If Annabel Crabb and I weren’t both straight women I would kiss her passionately on the lips.
Finally, somebody explains clearly the impact of children, family responsibilities and the goddamn housework on a woman’s ability to participate fully in the workforce. Finally, somebody lays out the impediments men face in trying to have fully interactive lives with their children and partners when dealing with a workforce which still operates as if it was 1950.
Crabb, in her book The Wife Drought, lays bare the imperfect, fumbling way families patch together their lives. Decisions on the run, sacrifices made with little thought of what they mean in the long-term, choices and chances blended together in chaotic mix that we just hope balances out in the end.

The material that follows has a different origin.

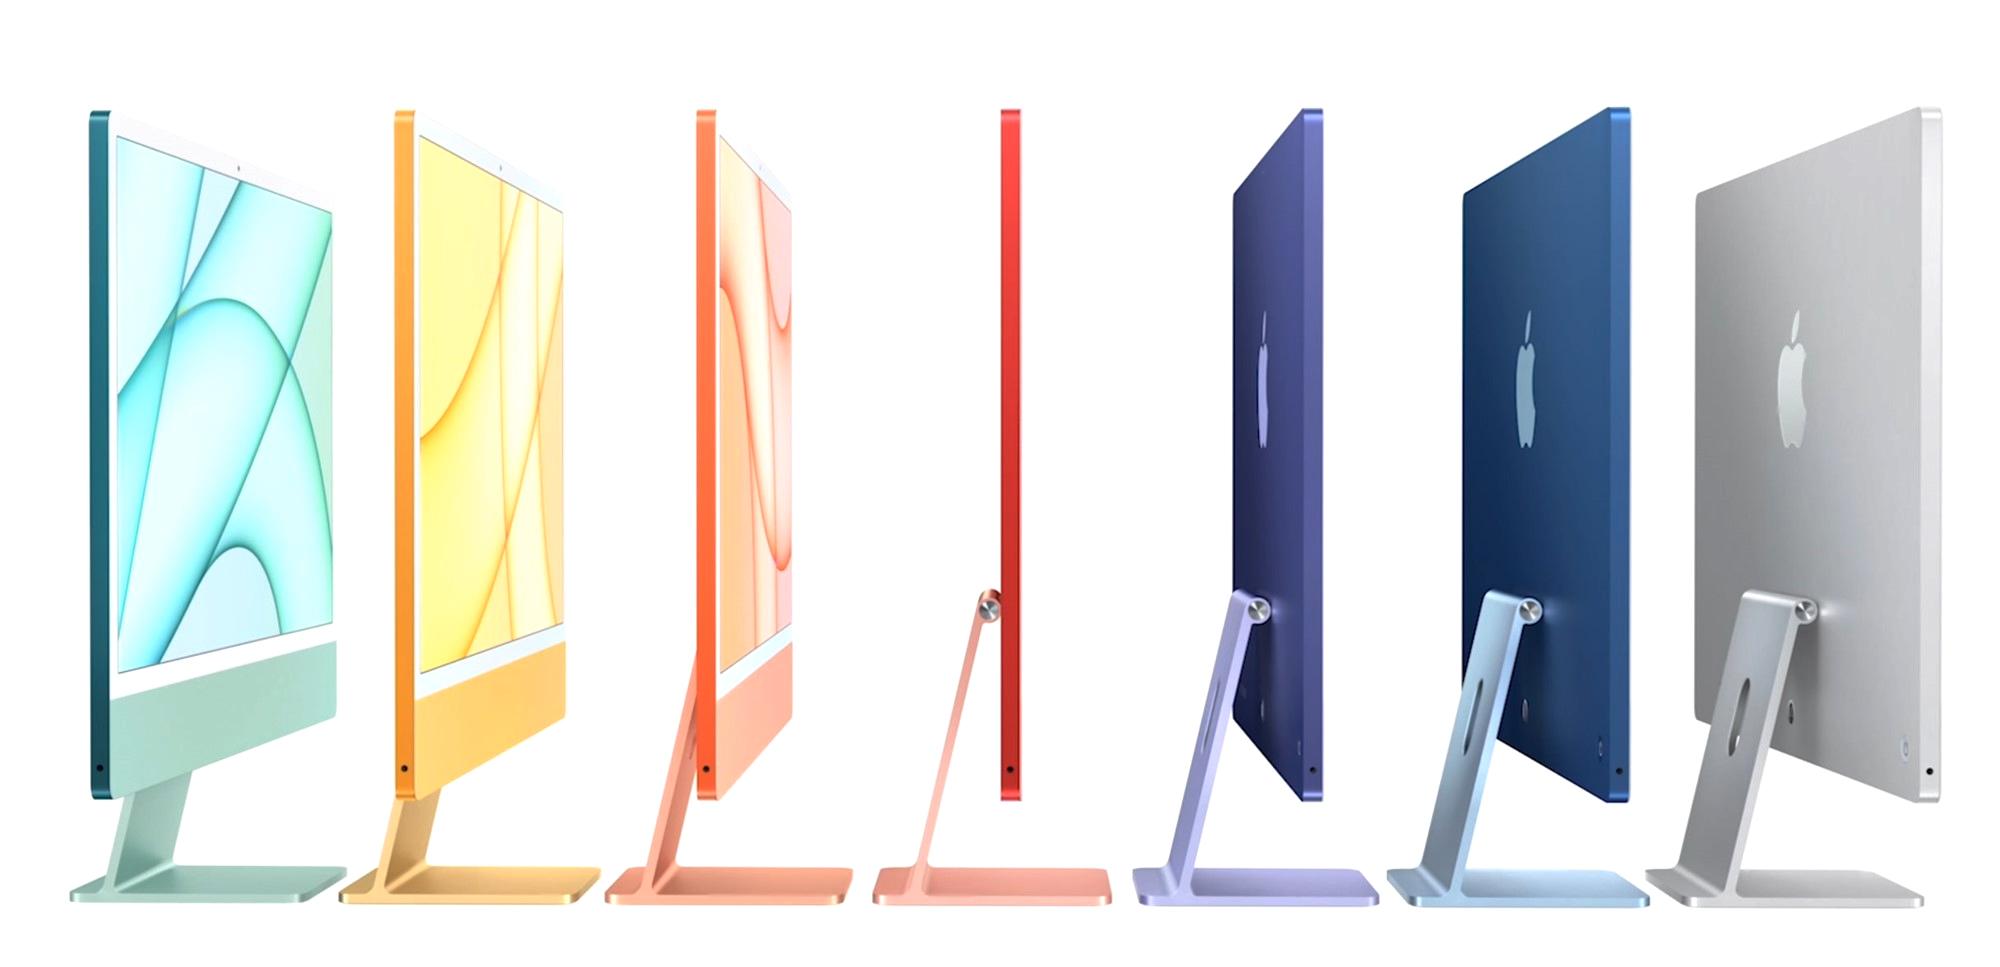 Colorful M1 iMacs and M1 iPad Pro announced
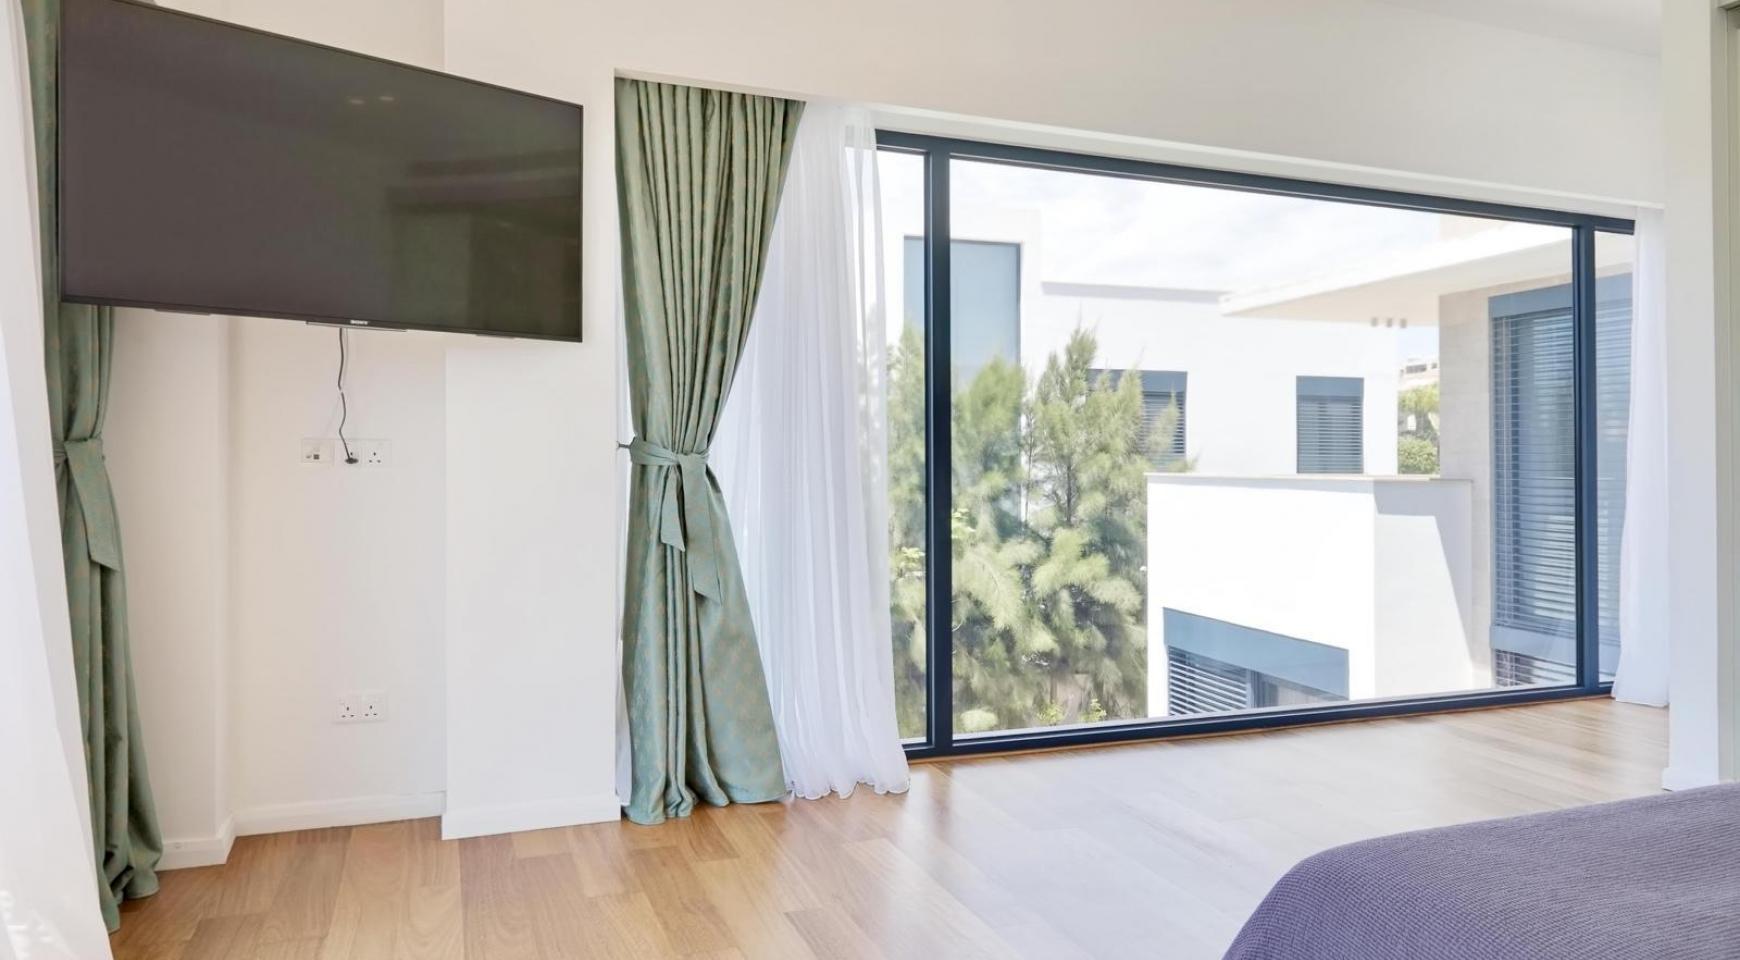 New Luxurious 4 Bedroom Villa in the Tourist Area - 32

But the truth is that families often don’t make concerted decisions about how they’re going to deal with certain circumstances; the circumstances arise, they make some ham-fisted, piecemeal attempt to deal with it, and that’s what sticks. This goofball lack of strategy is what makes human beings interesting. It’s also what makes us human.
Crabb deftly weaves together personal anecdotes, statistical analysis and various research projects to outline the current state of play in the fight for equality. It is refreshing to see someone openly assess what happens, for both men and women, when you add children to the mix.
The premise of the book challenges the current mode of thinking regarding equality.
What would happen if we stopped looking at this situation as one in which women are the victims, and started looking at what men miss out on?
Crabb is as committed a feminist as you will find but with this point;
And that’s why, for all the changes that the last five decades have held for women, the changes for men have been scandalously narrow. Men continue to be over-represented at work, and under-represented at home. Viewed one way, this is an unforgivable and continuing annexation of money, power and influence. Viewed the other way up, it’s a continuing tragedy for children and for men, bound tight into a web of expectations no one even asked them if they wanted.
she unleashes a school of thought which many dedicated to the cause would question as a “pro-men” argument when men are doing just fine and it’s women who need the help and support. However, by examining the issue from both perspectives, male and female, Crabb opens up the possibility of moving forward with a solution which allows for better lives for both parties.
Throughout The Wife Drought Crabb outlines very clearly the inequalities women have faced in participating in the workforce and gives us the latest (depressing) figures on the pay gap, females holding executive positions, women’s participation in the workforce and so on. What Crabb suggests though is that we ditch the “awful men, hopeless women” categorisation.
The tale of what happens to women at work cannot possibly be told, and much less understood, until we pan back and understand what’s going on with women outside the four walls of the workplace. Until you put work in context, and understand what other factors might influence women’s capacity to compete equally, all the awful men and hopeless women in the world will never quite explain why things continue to turn out the way they do.
Crabb’s gentle humour is sprinkled throughout the book, you will find yourself laughing out loud in parts; and I defy anyone to read the retelling of Lisa Annese’s (CEO of the Diversity Council of Australia) conference call from home without tears of laughter streaming down your face. Guys, it’s worth the price of the book alone. There’s mayhem, emotion and trauma all wrapped up into a ball of domesticity vs international business.
In concluding her book, Crabb points to the possibilities of technology to assist in changing the face of working life, and suggests maybe now it is men’s turn to change.
The certainty is this: as long as we continue to study, debate and agonise about what happens at work as if it is an entirely independent sphere from what happens at home, then we shall get no farther. For years, we have argued about quotas and affirmative action and all the ancillary techniques to move women up through the leadership ranks, but we’ve taken our eyes off the other half of the equation. In focusing so hard on encouraging women to lean in, we’ve neglected to convince men of their entitlement to lean out once in a while. The men who already do – who have the confidence to stare down the expectations of them that lace invisibly but unmistakeably through the world of work – will perhaps be the advance riders of the change.
Amen to that sister.
I sincerely hope this book can trigger a discussion on how the issues of home and family play out for both sexes. I also hope it does contribute to a rethinking of how our work places operate and how we can better manage productivity and advancement with LIFE.
Claire George says
I read an article Annabel had written on this and it really resonated. That’s it, I’m leaving to buy the book right now.
Janine says
Head straight to the book store, do not pass go.
melanie jean juneau says
my contribution to this argument – Pro-Lie IS Pro-Women
http://themotherofnine9.wordpress.com/2014/10/27/pro-life-is-pro-women/
Rob says
For as long as I can remember, I’ve been saying that if feminists focussed on equality as opposed to a better deal for women, as if that were the same thing, then men could become part of the solution and women could understand the extent to which they are part of the problem
Janine says
I agree a focus on equality with both sexes working together to improve the situation would be the way to go.